For the full year of 2016, net income was $21.4 million, or $1.23 per diluted share, compared to $27.3 million, or $1.30 per diluted share, for the same period of 2015. Full-year 2015 EBITDA, a non-GAAP financial measure, was $78.8 million, or 6.9 percent of revenues, compared to $83.0 million, or 7.8 percent of revenues, for the full year of 2015.

Acquisition
On October 28, 2016, the Company completed the acquisition of substantially all of the assets of Western Pacific Enterprises GP and of Western Pacific Enterprises Ltd., except for certain real estate owned by Western Pacific Enterprises Ltd., with the continuing company retaining the name Western Pacific Enterprises Ltd., an electrical contracting firm in western Canada. The total consideration paid, net of certain net asset adjustments, was approximately $11.3 million, which was funded through borrowings. The acquisition expanded our C&I and enhances our T&D presence in western Canada.

Backlog
As of December 31, 2016, our backlog was $688.8 million, consisting of $386.7 million in the T&D segment and $302.1 million in the C&I segment. Total backlog at December 31, 2016 was $68.2 million higher than our backlog reported at September 30, 2016 of $620.6 million, resulting in quarter-over-quarter increases in 10 of the past 12 quarters. T&D backlog at December 31, 2016 decreased $50.3 million, or 11.5 percent from September 30, 2016, while C&I backlog increased $118.5 million, or 64.5 percent, over the same period. Total backlog at December 31, 2016 increased $237.9 million, or 52.8 percent, from the $450.9 million reported at December 31, 2015. Significant contributors to the increase in the 2016 backlog were a multi-year Cross Texas Transmission contract and the Western Pacific Enterprises Ltd. acquisition.

Balance Sheet
As of December 31, 2016, MYR had $167.2 million of borrowing availability under our credit facility.

Non-GAAP Financial Measures
To supplement MYR’s financial statements presented in accordance with generally accepted accounting principles in the United States (GAAP), MYR uses certain non-GAAP measures. Reconciliation to the nearest GAAP measures of all non-GAAP measures included in this press release can be found at the end of this release. MYR’s definitions of these non-GAAP measures may differ from similarly titled measures used by others. These non-GAAP measures should be considered supplemental to, and not a substitute for, financial information prepared in accordance with GAAP.

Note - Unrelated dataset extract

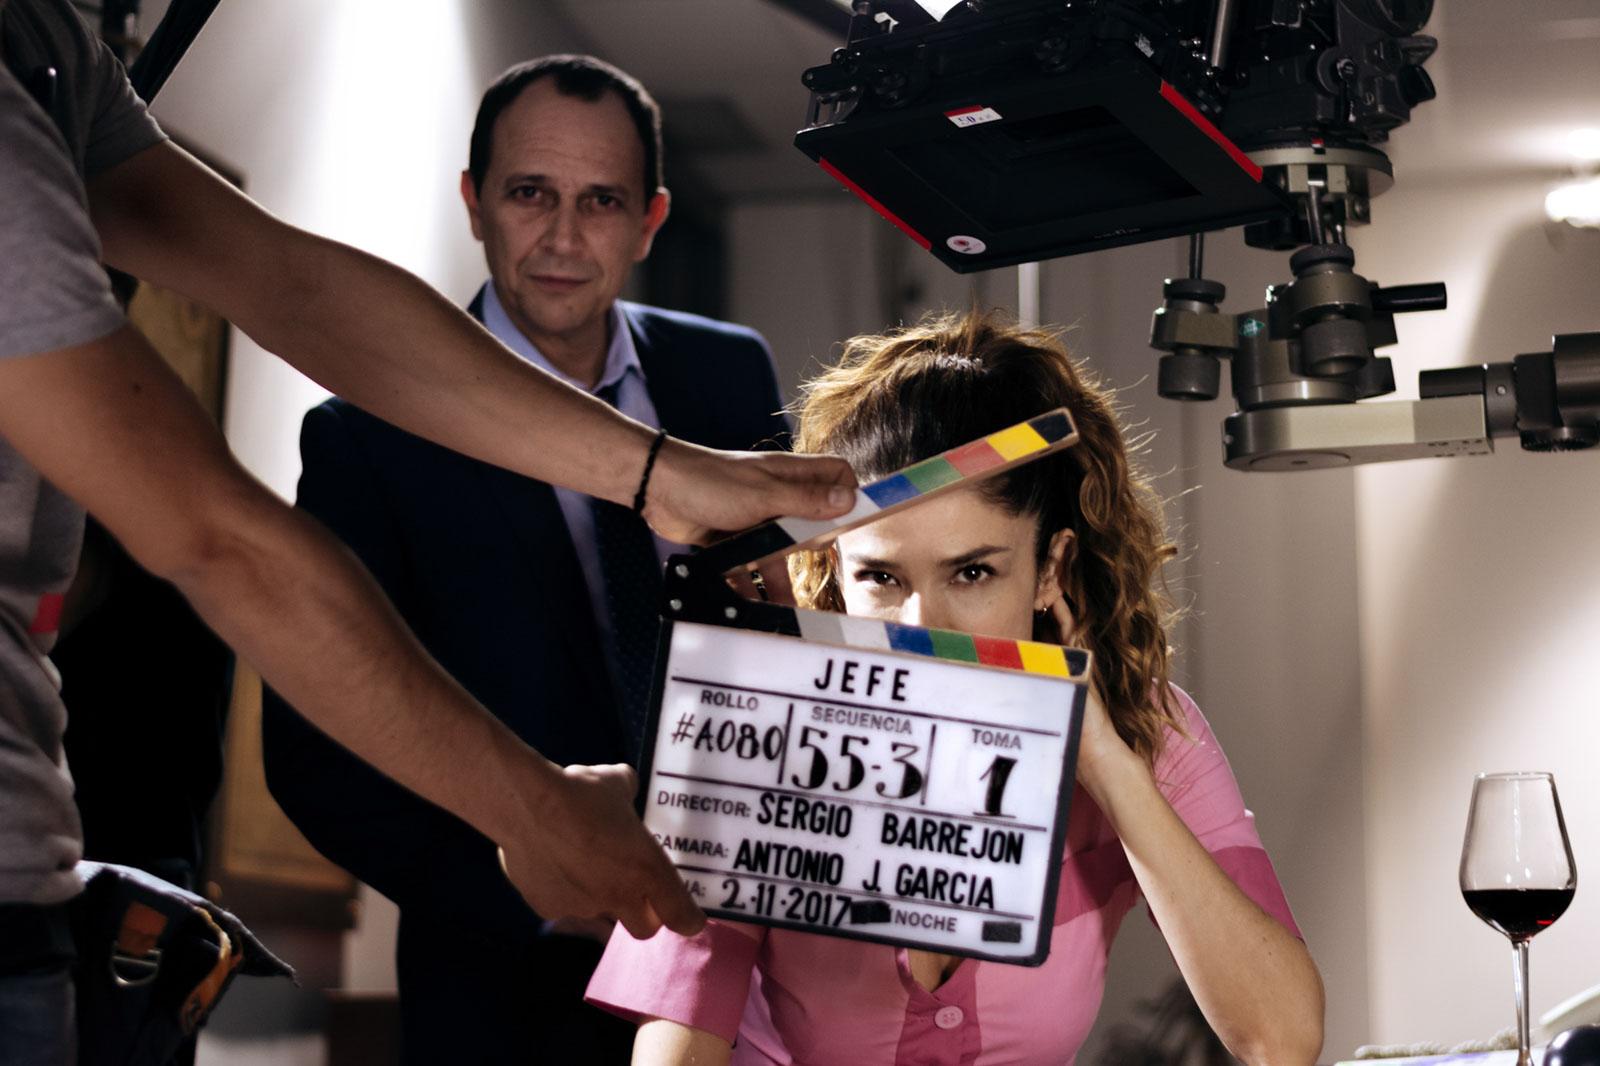 Jefe: Film – Behind the scenes
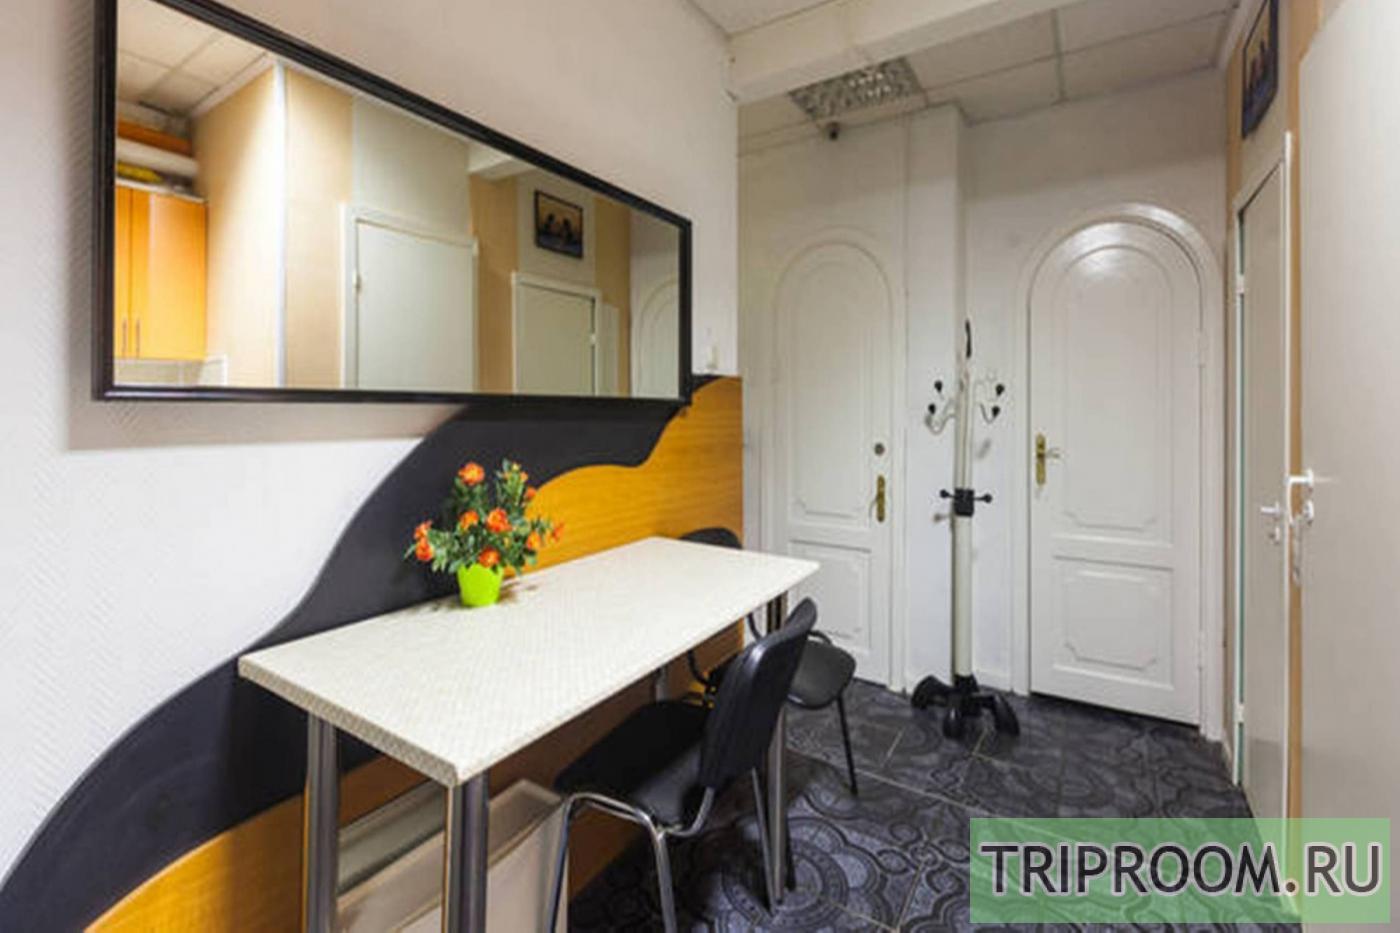 Комната в 4х-комнатной квартире посуточно (вариант № 28401), ул. набережная реки Фонтанка, фото № 5

MYR believes that these non-GAAP measures are useful because they (i) provide both management and investors with meaningful supplemental information regarding financial performance by excluding certain expenses and benefits that may not be indicative of recurring core business operating results, (ii) permit investors to view MYR’s performance using the same tools that management uses to evaluate MYR’s past performance, reportable business segments and prospects for future performance, (iii) publicly disclose results that are relevant to financial covenants included in MYR’s credit facility and (iv) otherwise provide supplemental information that may be useful to investors in evaluating MYR.

Conference Call
MYR will host a conference call to discuss its fourth-quarter and full-year 2016 results on Friday, March 10, 2017, at 9:00 a.m. Central time. To participate in the conference call via telephone, please dial (877) 561-2750 (domestic) or (763) 416-8565 (international) at least five minutes prior to the start of the event. A replay of the conference call will be available through Thursday, March 16, 2017, at 11:59 p.m. Eastern time, by dialing (855) 859-2056 or (404) 537-3406, and entering conference ID 51679991. MYR will also broadcast the conference call live via the internet. Interested parties may access the webcast through the Investor Relations section of the Company's website at www.myrgroup.com. Please access the website at least 15 minutes prior to the start of the call to register, download and install any necessary audio software. The webcast will be available until Thursday, March 16, 2017, at 11:59 p.m. Eastern time.

About MYR
MYR is a leading specialty contractor serving the electrical infrastructure market throughout the United States and Canada, and has the experience and expertise to complete electrical installations of any type and size. MYR’s comprehensive services on electric transmission and distribution networks and substation facilities include design, engineering, procurement, construction, upgrade, maintenance and repair services. MYR’s transmission and distribution customers include investor-owned utilities, cooperatives, private developers, government-funded utilities, independent power producers, independent transmission companies, industrial facility owners and other contractors. MYR also provides commercial and industrial electrical contracting services to general contractors, commercial and industrial facility owners, local governments and developers generally throughout the western and northeastern United States and western Canada. For more information, visit myrgroup.com.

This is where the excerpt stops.